Copy the opening lines of the listing exactly, through and including the line with "A romantic sunset"; do not copy any pictures.

**DATASET SECTION**
↓
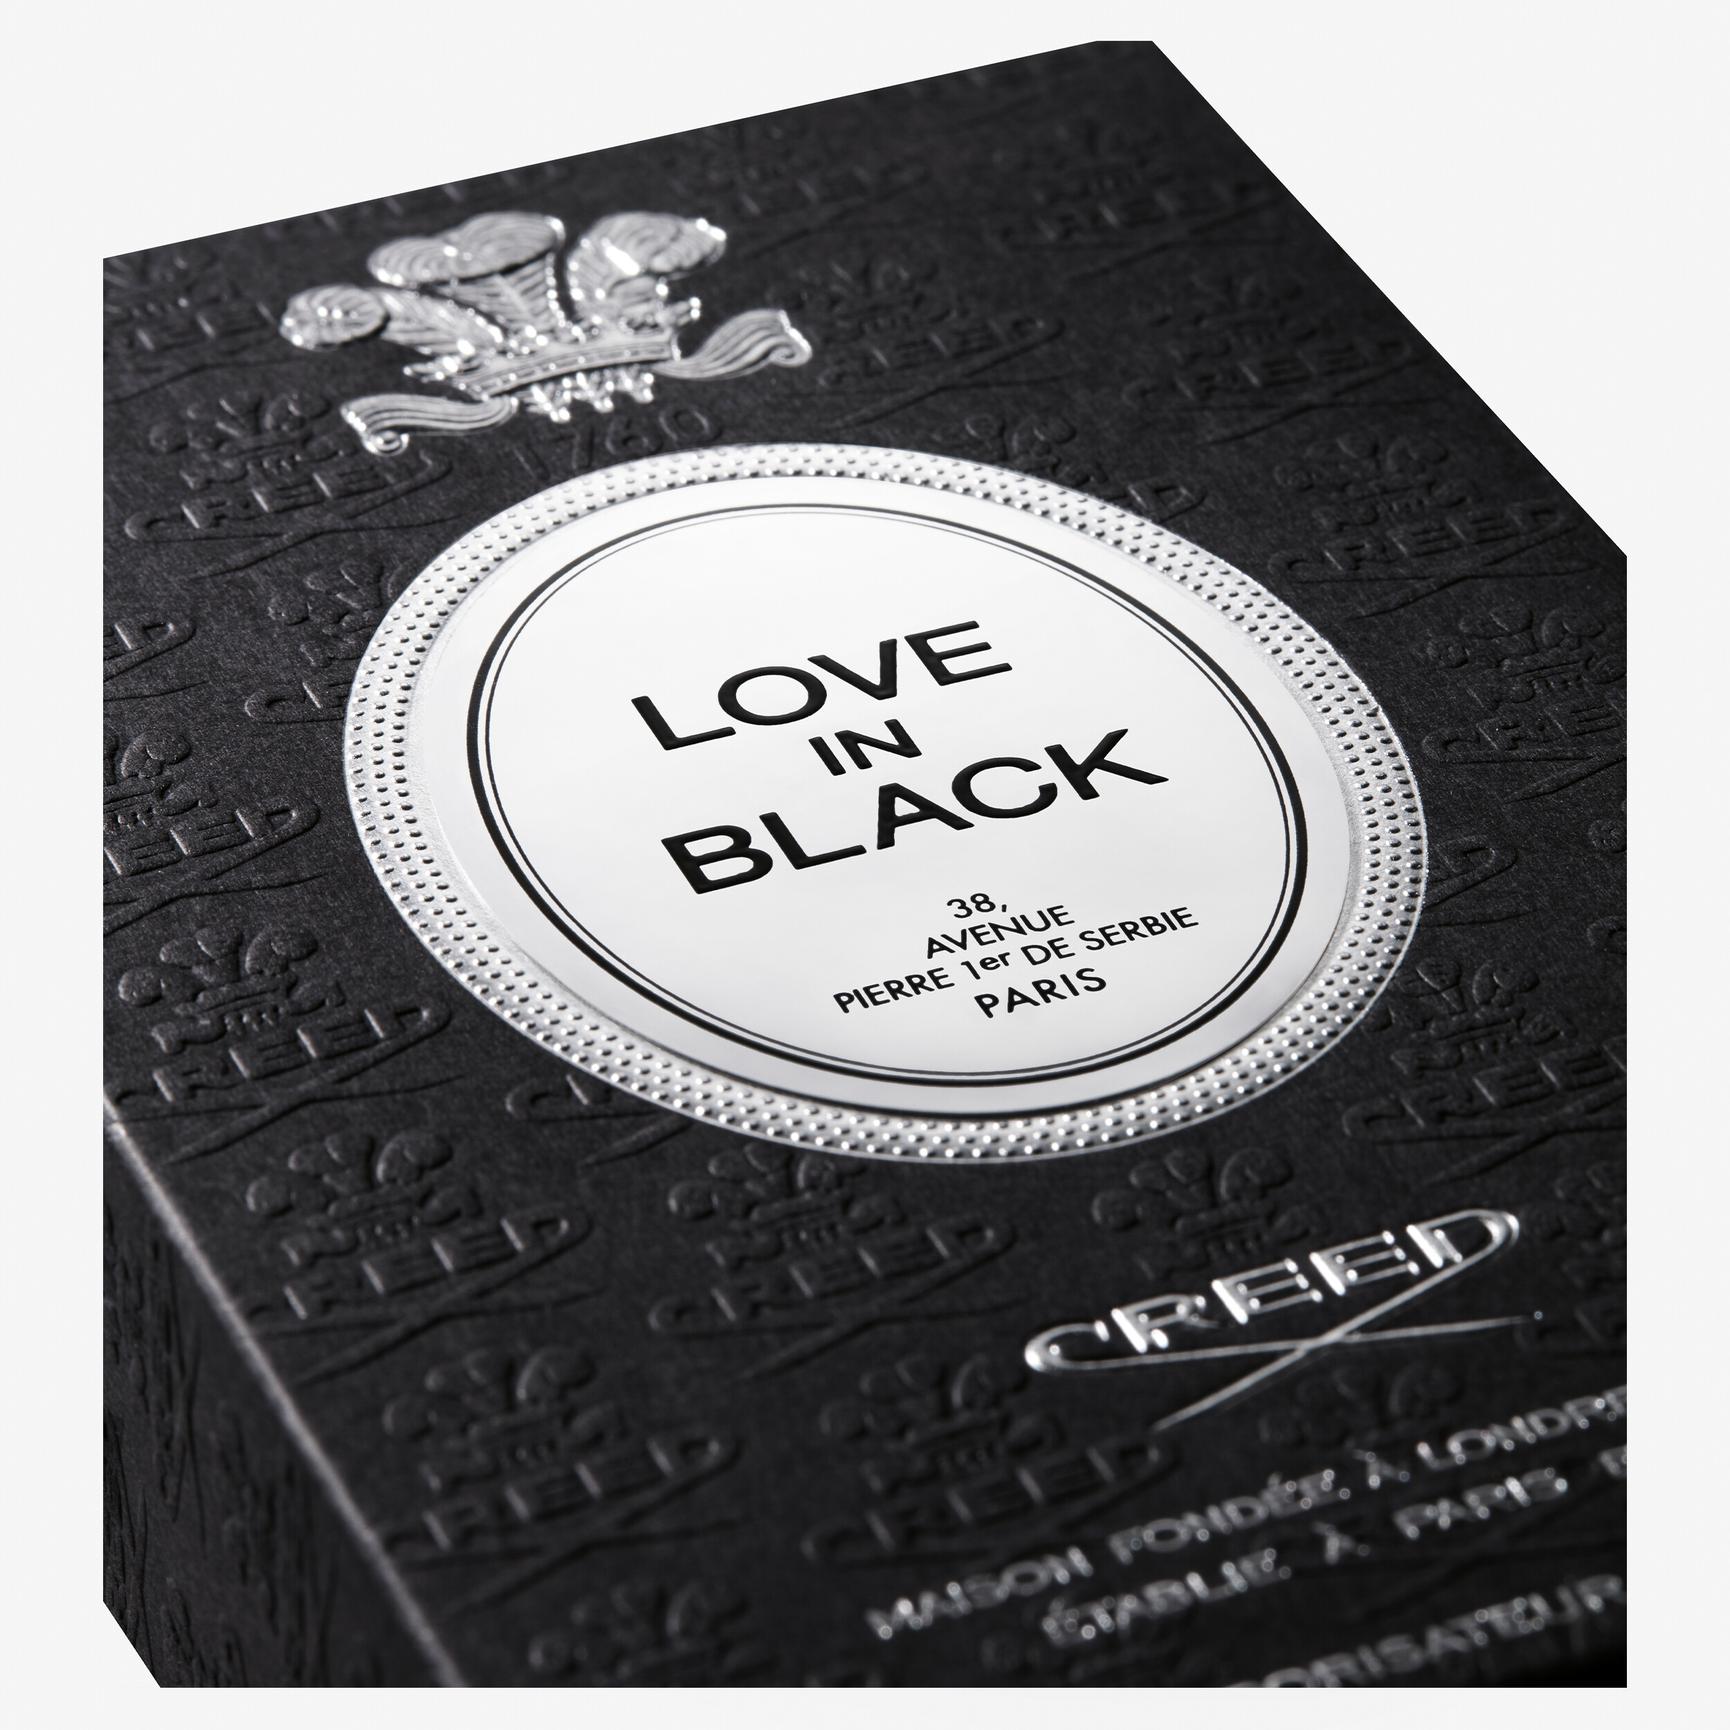 Creed Love In Black Edp For Women
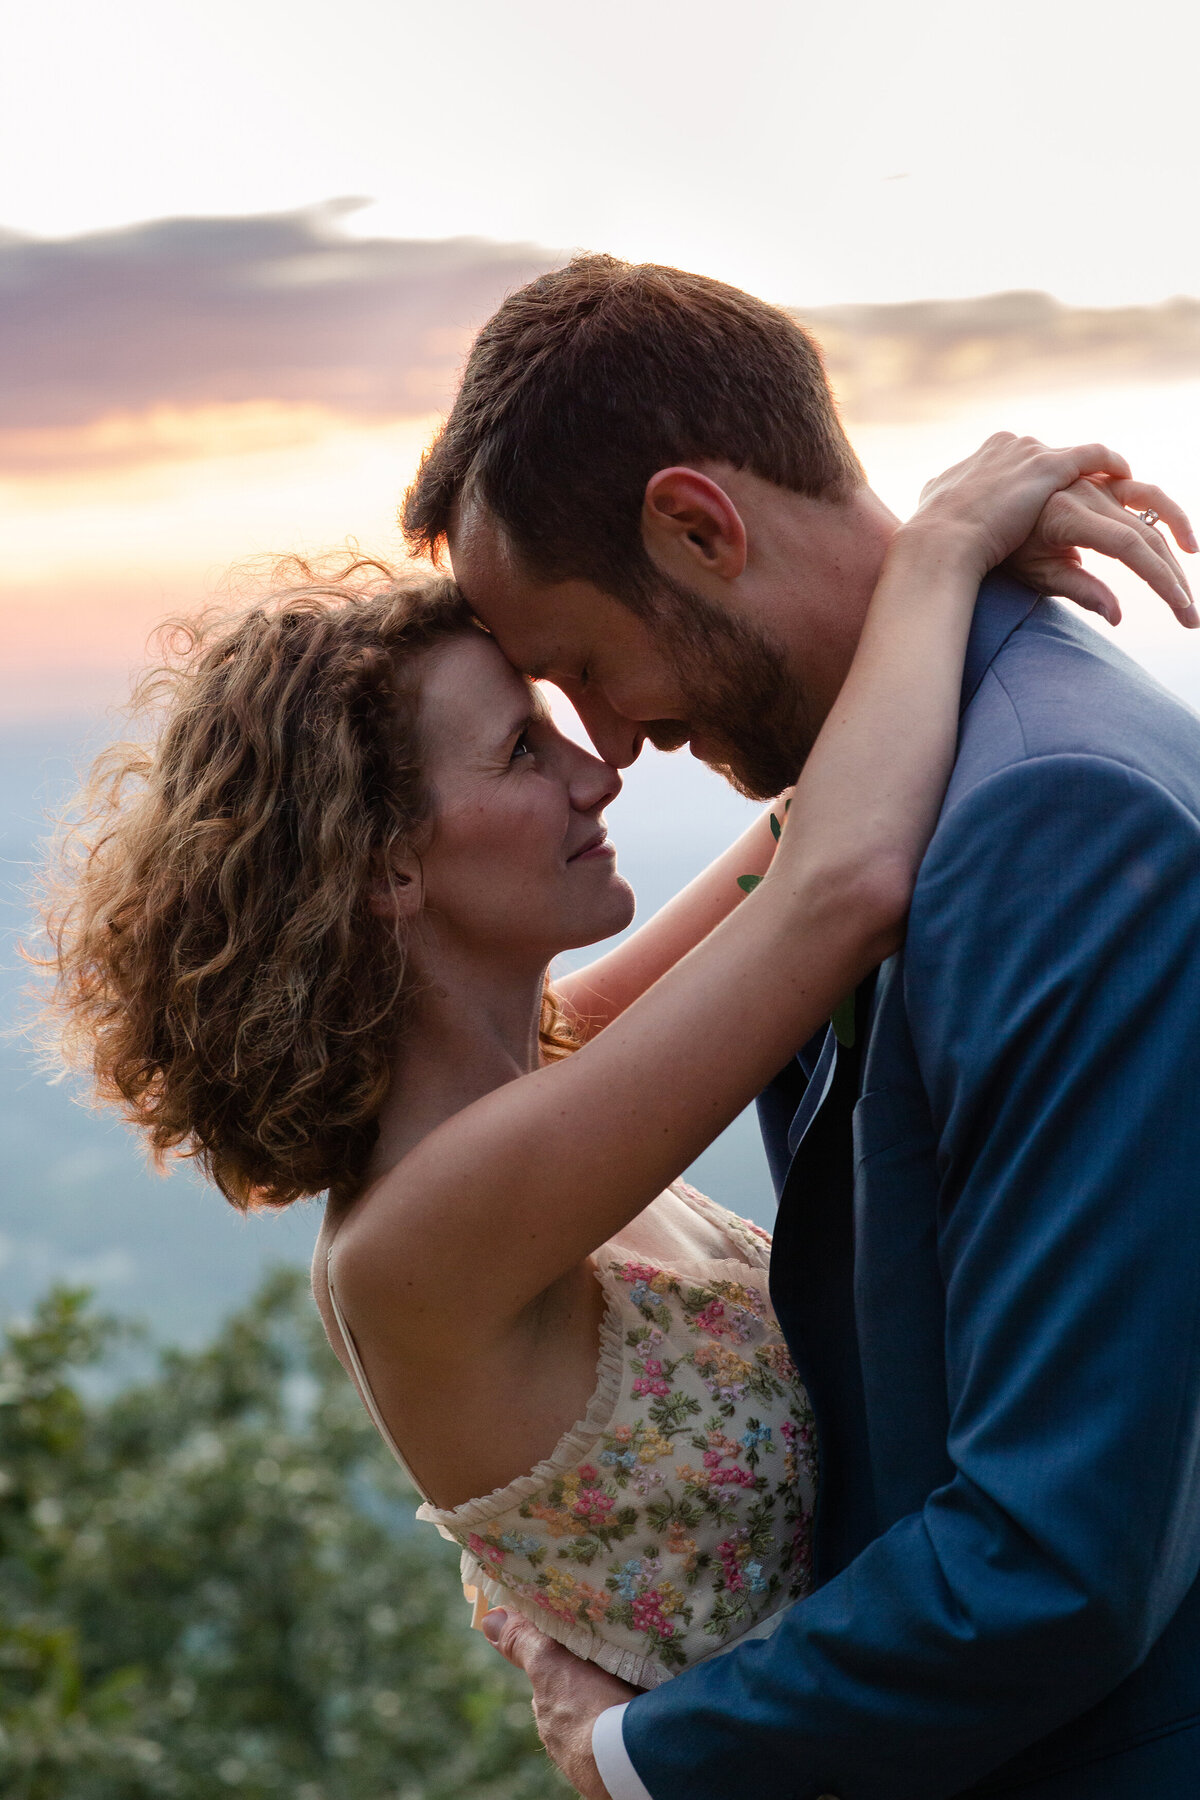 A romantic sunset shoot during a 10 year anniversary renewal of vows on Cheaha Mountain in Delta, Alabama.
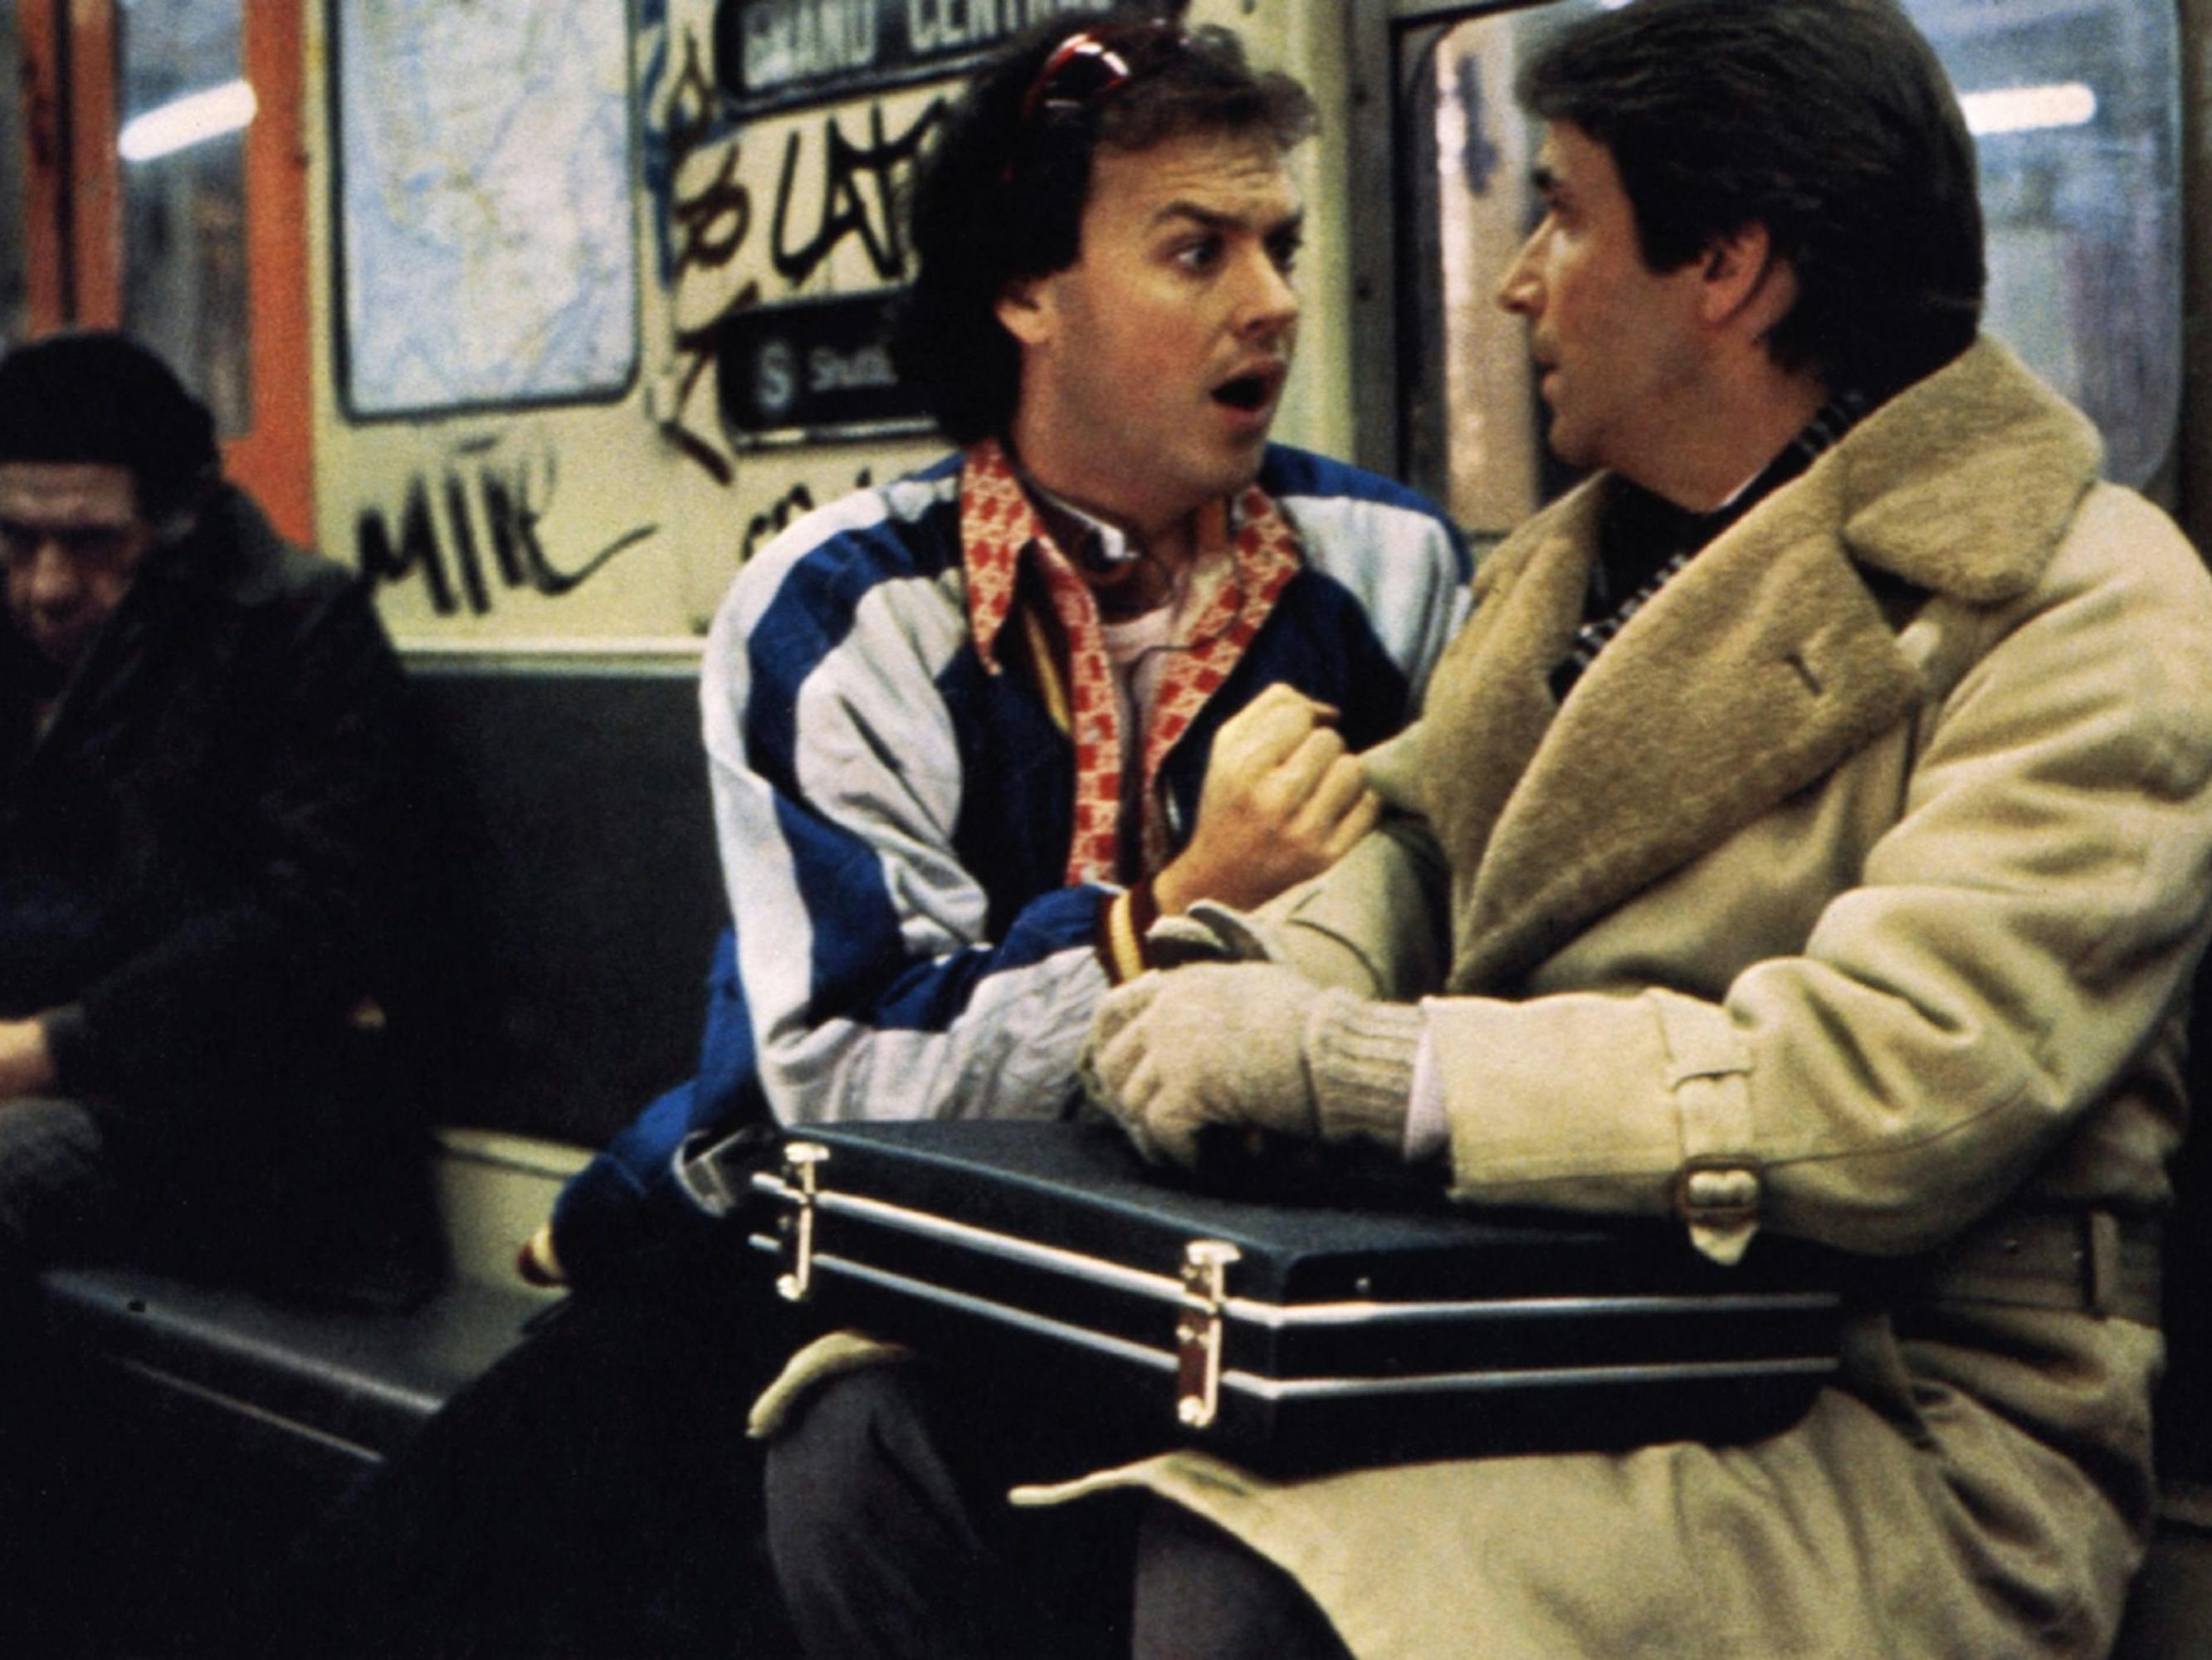 Bill Blazejowski (Michael Keaton) and Chuck Lumley (Henry Winkler) in Night Shift. They sit on a train, and Keaton looks at Winkler with urgency. Winkler lies a black briefcase across his lap.
↑
**TASK RESULT**
 Creed Love In Black Edp For Women
 A romantic sunset shoot during a 10 year anniversary renewal of vows on Cheaha Mountain in Delta, Alabama.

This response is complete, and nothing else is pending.